Role of gelsolin has been discussed in a number of hormone-secreting tissues, particularly insulin secreting cell lines from hamster [8]. In 2006, Tomas et al. reported that insulin secretion from pancreatic β-cells is enabled by remodeling of actin cytoskeleton, which in turn is closely regulated by intracellular gelsolin [9]. These authors showed that modulation of F-actin state by gelsolin plays a critical role in the glucose-dependent MAPK signal transduction which eventually regulates β-cell insulin secretion. Another study confirmed its role in β-cell survival, where overexpression of gelsolin in β-cells led to significant decrease in the number of terminal deoxynucleotidyl transferase-mediated dUTP nick-end labeling (TUNEL)(+) and active caspase-3(+) cells [10]. Additionally, gelsolin knockdown by RNA interference in B1 cells (subclones derived from parental mouse pancreatic β-cell line MIN6) confirmed role of gelsolin in delaying apoptosis in β-cells [10]. Since PIP2 regulates functioning of gelsolin, role of PIP2 was examined in pancreatic β-cell functioning which showed that presence of excess PIP2 disturbed the F-actin remodeling, possibly via PIP2 mediated deactivation of Ca2+-activated gelsolin leading to apoptosis of β-cells [11]. Further, gelsolin has been reported to directly associate with the N-terminal portion of Syntaxin 4 (Syn4) and regulate insulin granule exocytosis [12]. The work proposed a biphasic model of insulin secretion whereby inactive gelsolin clamps Syn4 from functioning, and Ca2+ activation of gelsolin leads to their dissociation in turn enabling Syn4 to facilitate insulin exocytosis. Essentially, these publications indicated some correlation of gelsolin in functioning or survivability of β-cells which secrete insulin hormone. Improper management of insulin/sugar ratio is the primary factor in type II diabetes.
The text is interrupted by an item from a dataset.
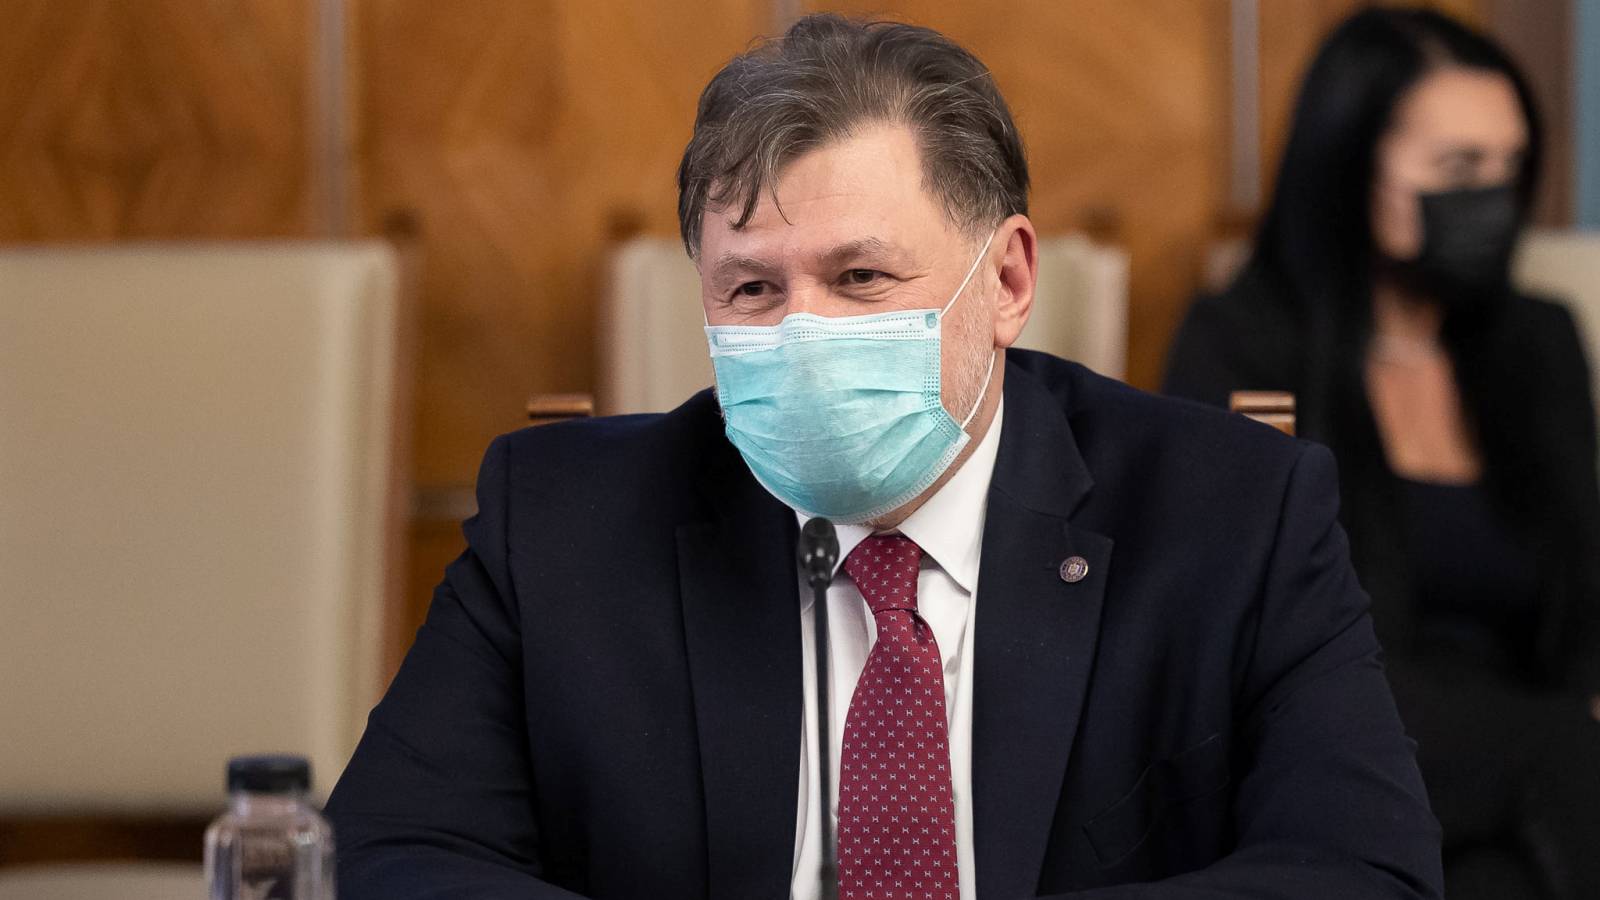 Gesundheitsminister kündigte in letzter Minute Maßnahmen an, die Auswirkungen auf Rumänien haben

We examined the pGSN values in type II diabetic humans and in animal models, which brought forth that there is a positive correlation between higher blood glucose levels and reduced pGSN values.

2. Materials and Methods

2.1. Drugs, Chemicals, and Reagents

Expression and purification of the recombinant proteins, namely, recombinant human gelsolin (rhuGSN) and its truncated versions, namely, G1–G3, G2–G6, G4–G6, 28–161, and 56–161, have been described earlier [13]. An image of the SDS-PAGE of the proteins used for the experiments here is presented in Supplementary Figure 1 in Supplementary Material available online at http://dx.doi.org/10.1155/2014/152075 which confirms the levels of purity. The generation of polyclonal anti-human gelsolin antisera in rabbit has also been described earlier [13]. Specificity of the polyclonal IgG1 to rhuGSN and pGSN from human and mice samples was confirmed by western blotting and cross confirmation using monoclonal antibody GS-2C4 (Sigma Aldrich). Confirmation and utilization of these results are published earlier [13]. The regression value of the linear fit of our ELISA based detection method using polyclonal IgG1 and recombinant human pGSN is 0.92 ± 0.07 in the range of 40–400 μg/mL. The values were estimated from three independent experiments, and the linear fit was used to estimate pGSN values and their variations in humans and mice used in this study. Further, sensitivity of our detection method is about 6 ng of rhuGSN. For animal experiments, Streptozotocin (STZ) and Sitagliptin were purchased from Sigma Aldrich and Merck, respectively.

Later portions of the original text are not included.